Full title: Enhancing Data-Driven Chemical Process Optimization with Real-Time Monitoring Using React-IR

Involved researchers: Jean-François Soulé (Chimie ParisTech - PSL), Guillaume Lefèvre (Chimie ParisTech - PSL), Phannarath Phansavath (Chimie ParisTech - PSL), Virginie Vidal (Chimie ParisTech - PSL), Amandine Guérinot (ESPCI Paris - PSL), Benjamin Laroche (ESPCI Paris -PSL), Christophe Meyer (ESPCI Paris - PSL), Renaud Nicolaÿ (ESPCI Paris - PSL), Nathan Van Zee (ESPCI Paris - PSL), Laurence Grimaud (ENS - PSL), Maxime Vitale (ENS - PSL)
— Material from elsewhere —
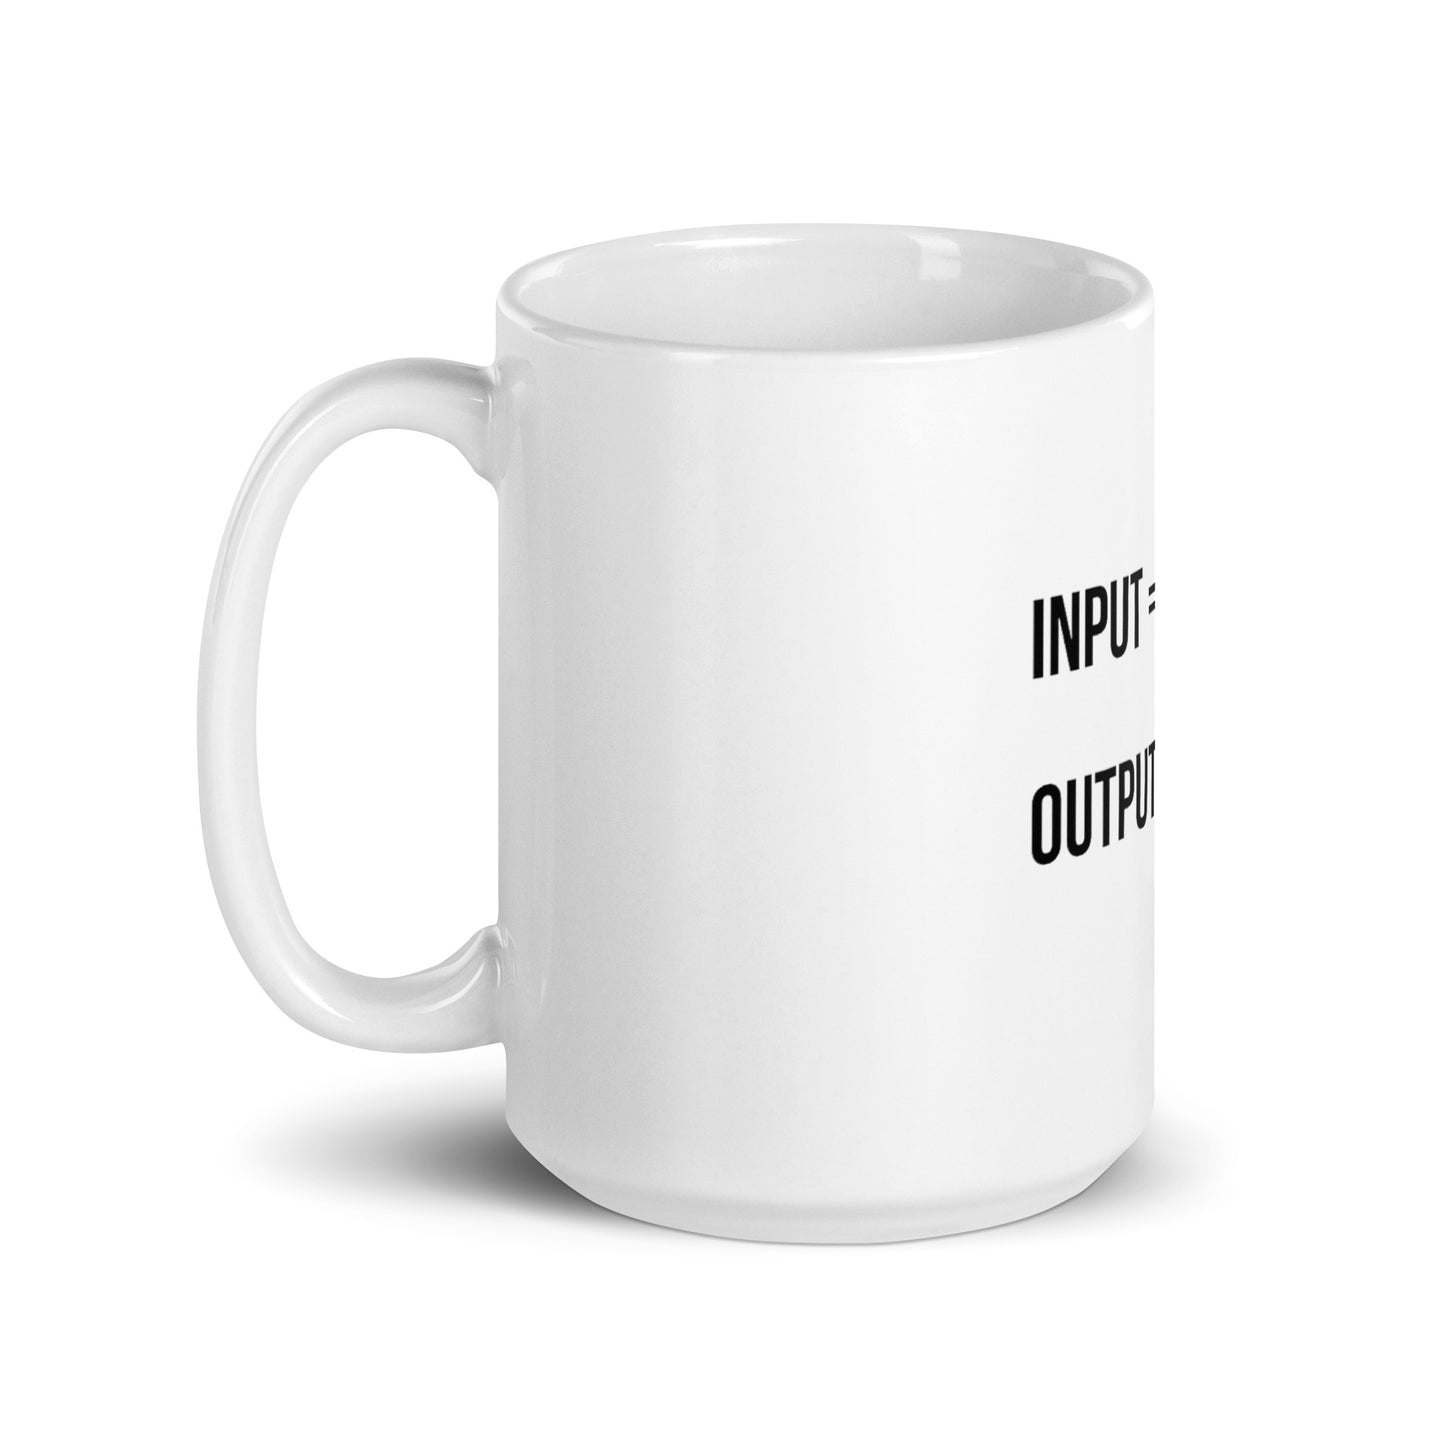 Input Output glossy mug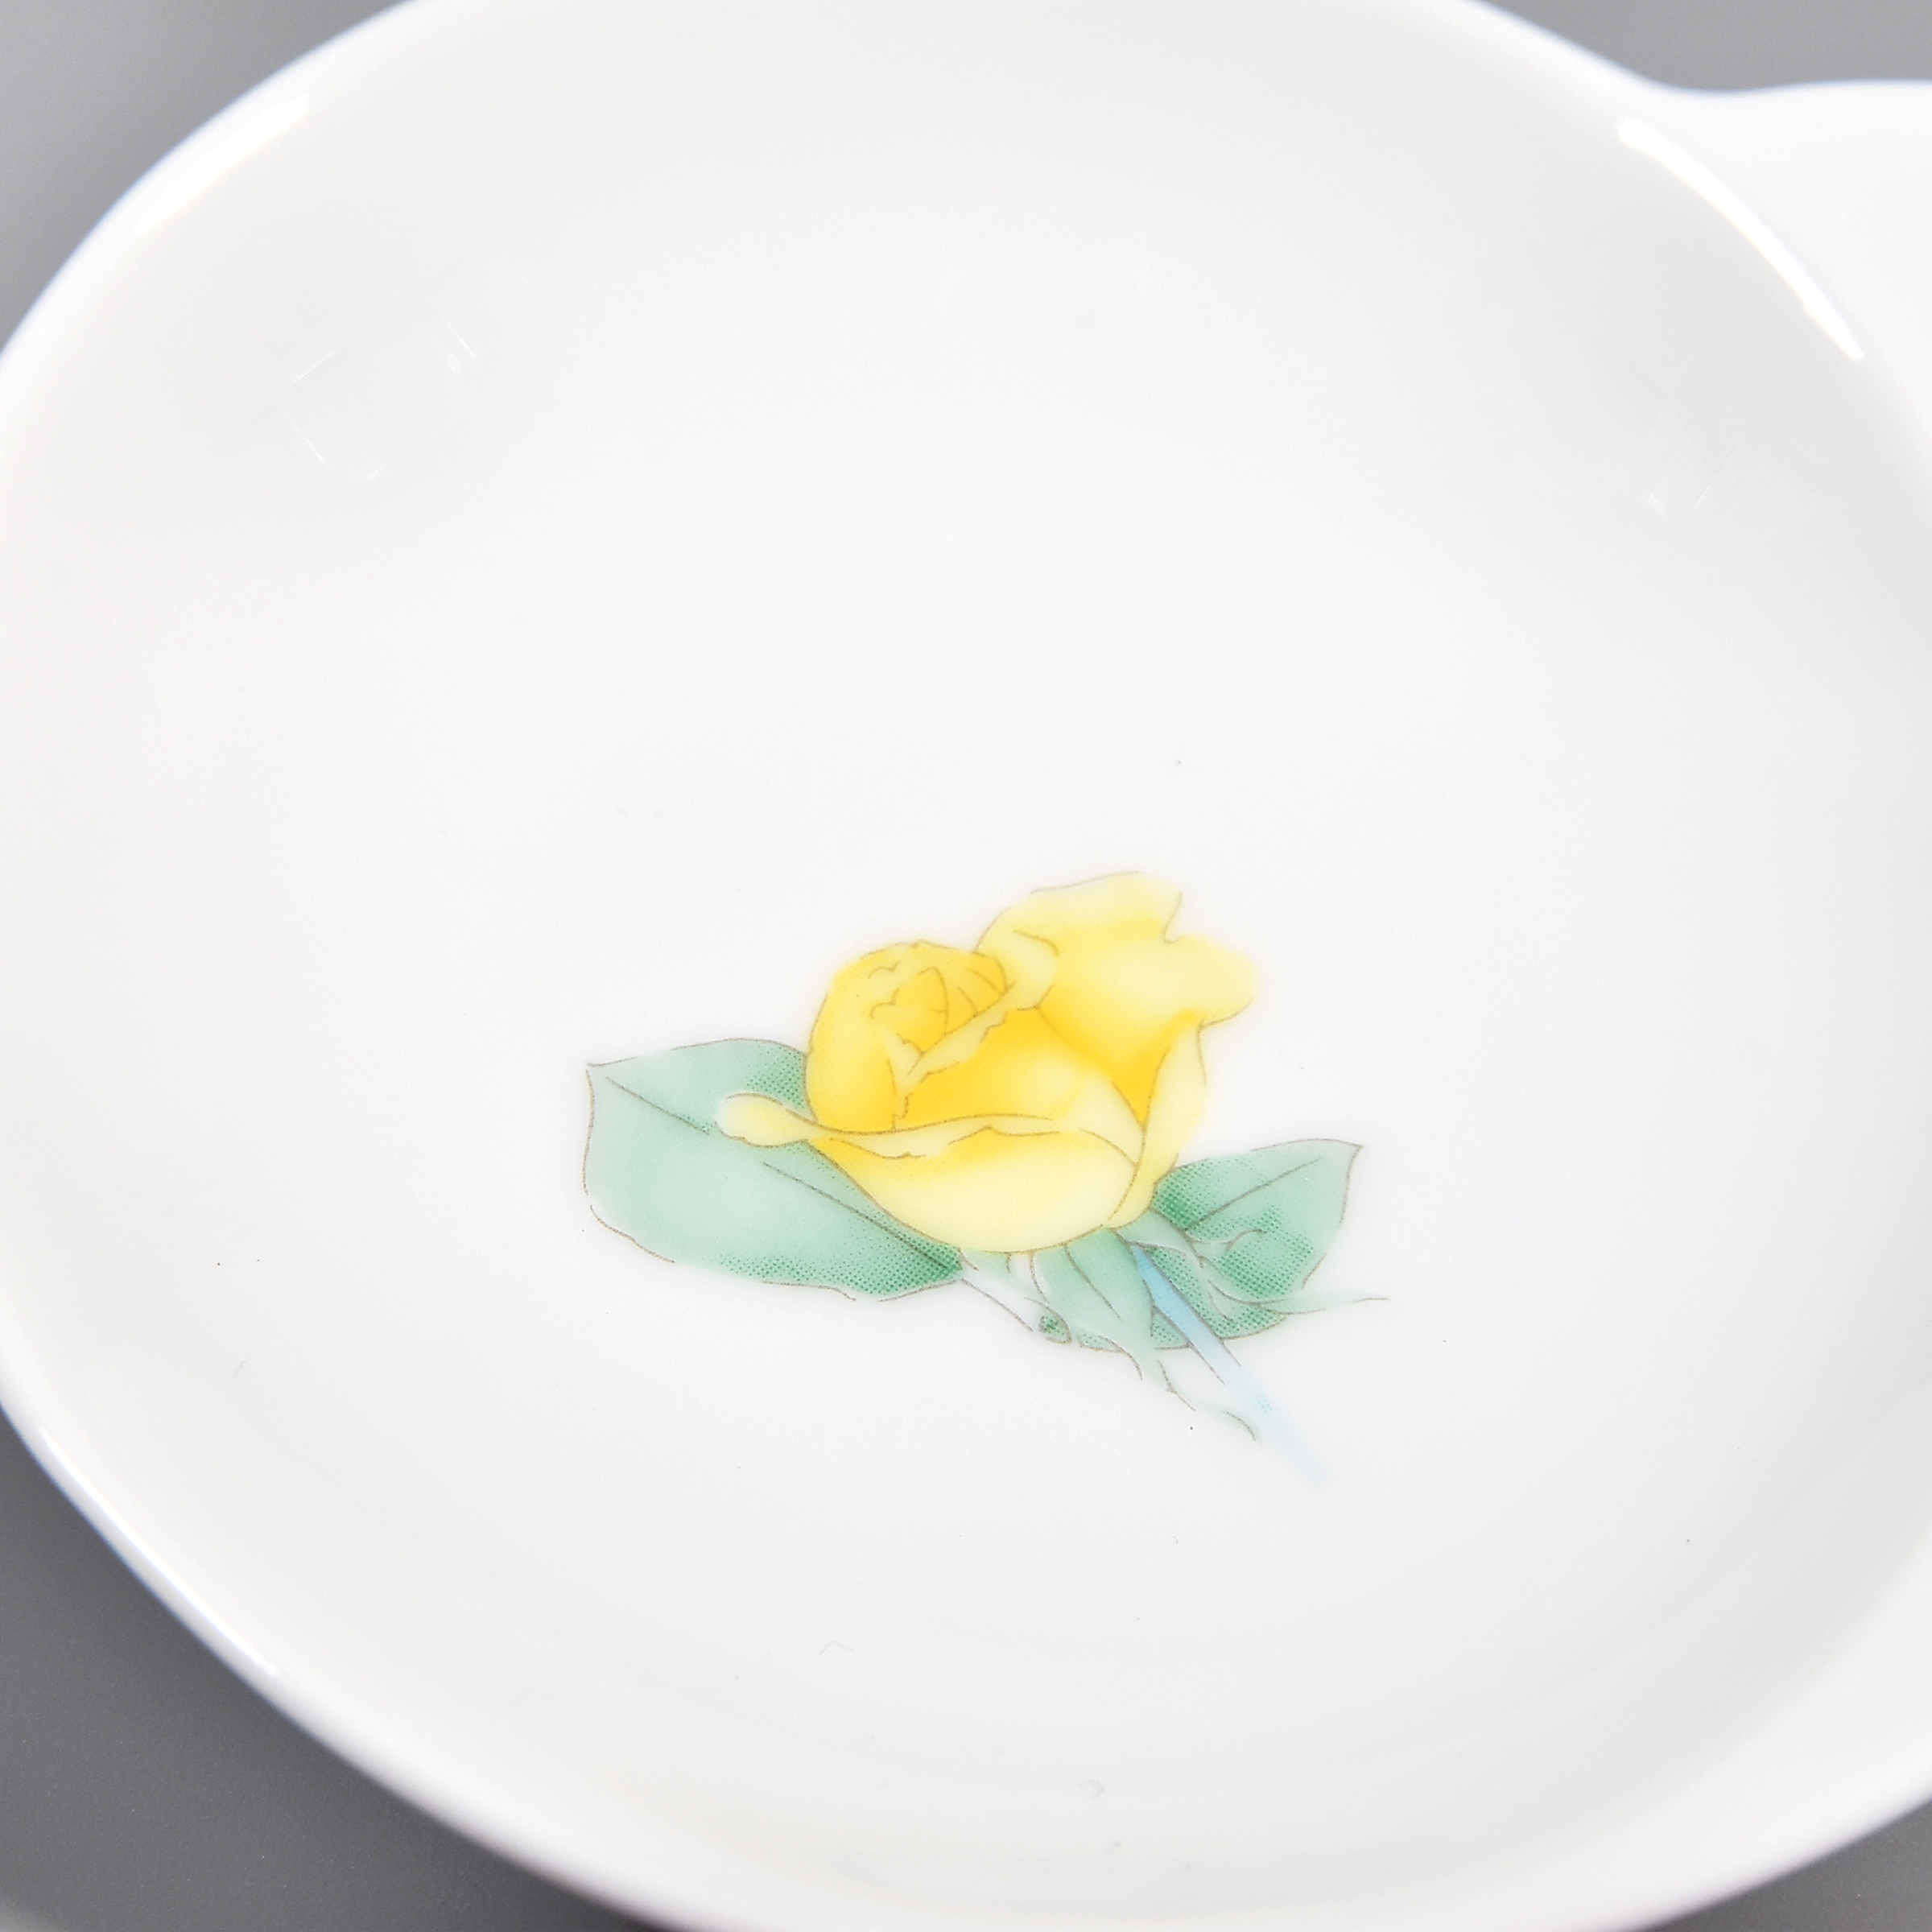 お皿の中央にはバラのデザインです。花弁はグラデーションになっていて綺麗です。

This infrastructure project seeks to acquire a React-IR system, a real-time infrared spectroscopy tool for continuous reaction monitoring. By providing high-resolution in situ kinetic data, it will improve the reproducibility and reliability of experimental results –essential for building medium-sized datasets used in AI assisted reaction optimization and mechanistic studies. Beyond its experimental applications, React-IR will be integrated into PSL’s data infrastructure, ensuring structured storage and accessibility of experimental data. The standardized datasets generated will contribute to the PSL Data Hub, creating a valuable resource for AI-driven reaction modeling and predictive analytics. This initiative will strengthen PSL’s leadership in data-driven chemistry, fostering collaboration between experimental chemists, data scientists, and AI researchers. The transportable equipment will serve multiple research groups across Chimie ParisTech-PSL, ESPCI Paris -PSL, and ENS-PSL, advancing research in organic synthesis, catalysis, and materials science.

------------------------------------------------------------------------------------------------------

Active-MOF

Full title: Active-MOF

Involved researchers: Georges Mouchaham (ENS - PSL), François-Xavier Coudert (Chimie ParisTech - PSL)

This infrastructure project seeks to upgrade our top-notch automated high-throughput synthesis robot to double its screening capacity. This project aims to support the Active-Multi-MOF PhD project, which aims to develop a data-driven approach for optimizing the synthesis of multivariate metal-organic frameworks (MOFs) using active learning methods to drive high-throughput robotic synthesis. To date, the vast majority of MOF discovery methods relies on serendipity, with computational screening unable to predict synthesizability or control synthesis conditions. By integrating experimental data acquisition with machine learning, the project aims to systematically explore the effect of synthesis parameters and help shorten the MOF discovery loop. Bayesian optimization will guide experiment selection, minimizing costs and maximizing insights. We will develop this methodology on a specific family of materials: multivariate MOFs. In fact, Mixed-ligand or mixed-metal MOFs can offer enhanced adsorption, separation or catalytic activity over their parent compounds, but are difficult to characterize due to their structural complexity and/or the need to apply careful activation processes. This innovative integration of active learning and robotics offers a more systematic approach to materials discovery, focusing on efficiency in terms of both data and chemicals.